Kansas Governor Kathleen Sebelius declared a statewide state of emergency prior to the storm's arrival while President George W. Bush issued a similar state of emergency for the state of Oklahoma before declaring a federal emergency. The city of Norman was declared to be a disaster area by Mayor Cindy Rosenthal. Oklahoma Governor Brad Henry cut short a vacation to tour up the hardest hit areas by the storm including northwestern Oklahoma City and later signed a federal disaster declaration. It was reported that damage to utility equipment alone was estimated at over $30 million in seven counties alone including the Oklahoma City and Tulsa metropolitan areas.
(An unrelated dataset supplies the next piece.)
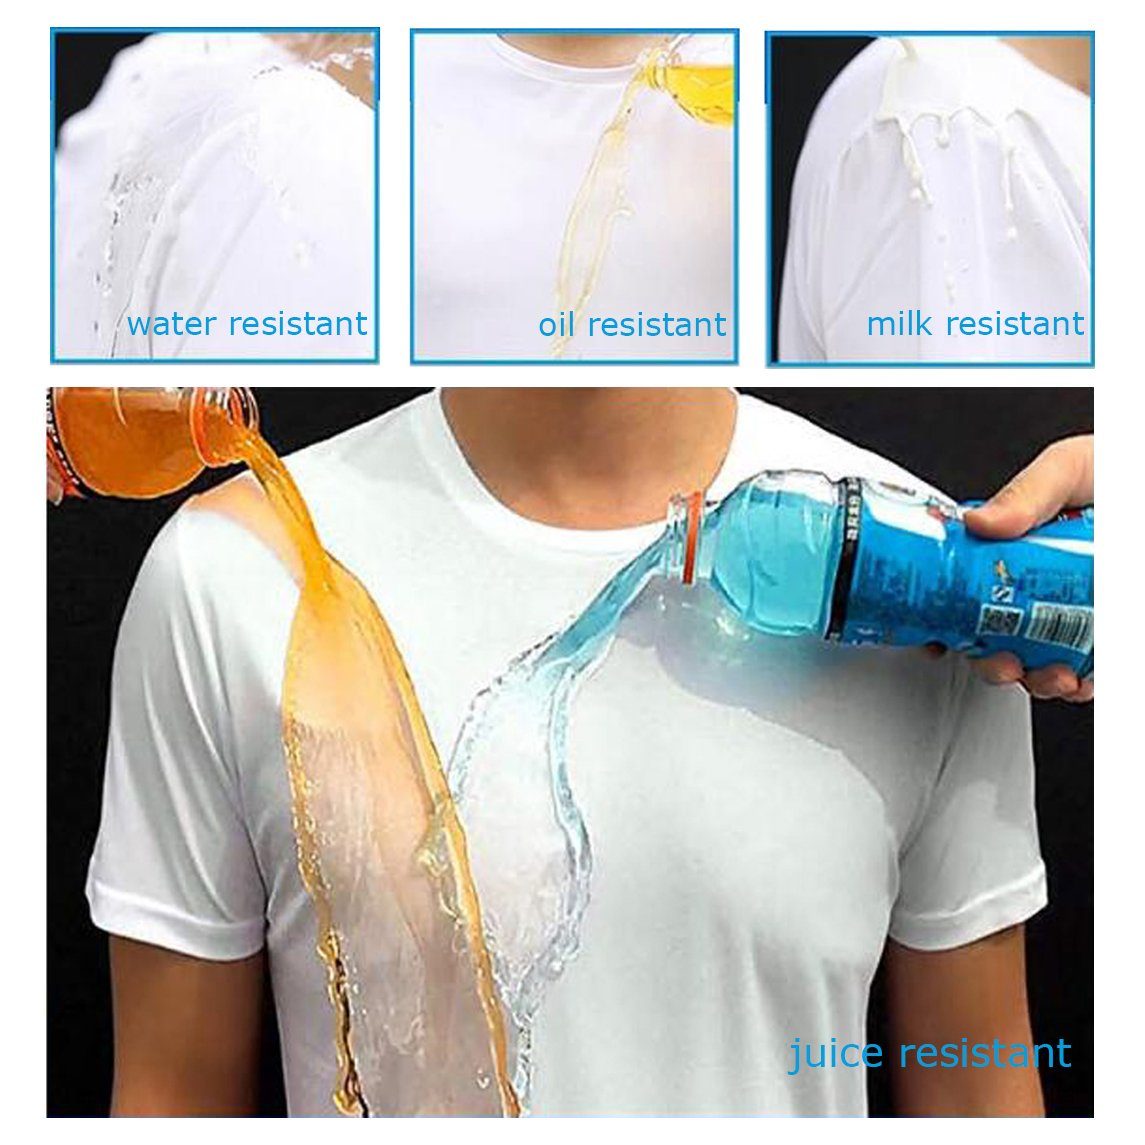 DEBAIJIA Kurzarmshirt Antifouling T-Shirt Rundhalsausschnitt Weiß Kurzarm Wasserdichtes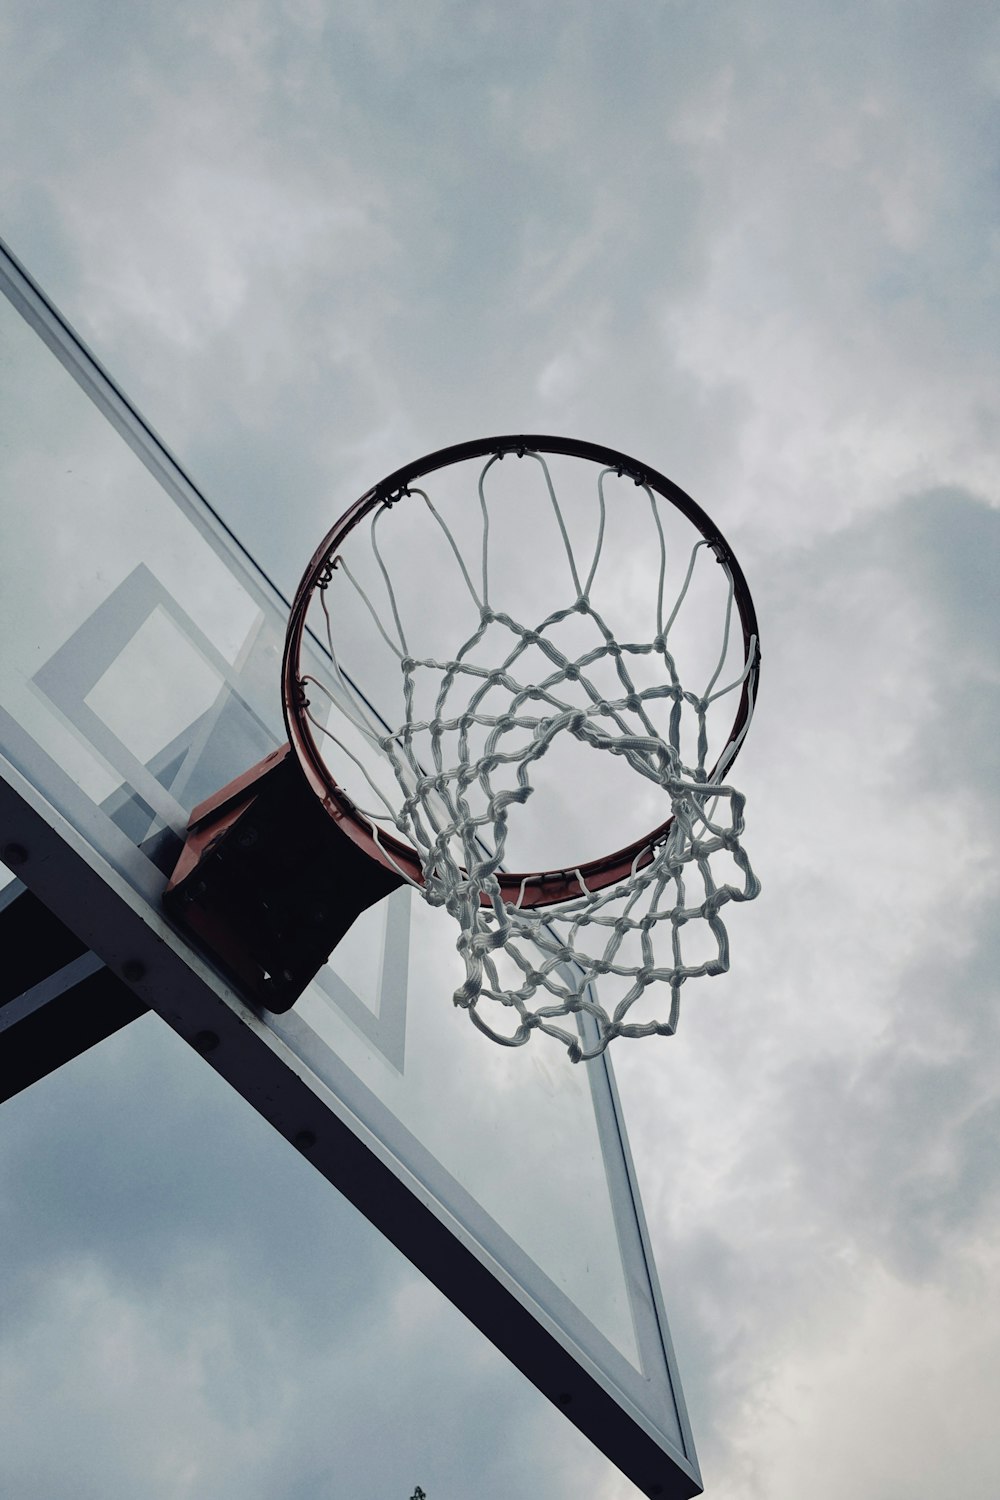 バスケットボールコートのフープを通過するバスケットボール

After the initial round of ice on Sunday, Governor Matt Blunt issued a state of emergency for parts of Missouri.

===Cancellations===
The storm, as did the previous storm, disrupted events scheduled by presidential hopefuls for the 2008 US presidential election including Republican Candidate Mike Huckabee as his plane was unable to land in western Iowa but did so in Omaha, Nebraska. An appearance by former President Bill Clinton on behalf of Hillary Clinton's campaign was also canceled due to the weather. One event scheduled by former North Carolina Senator and Democratic candidate John Edwards was also canceled.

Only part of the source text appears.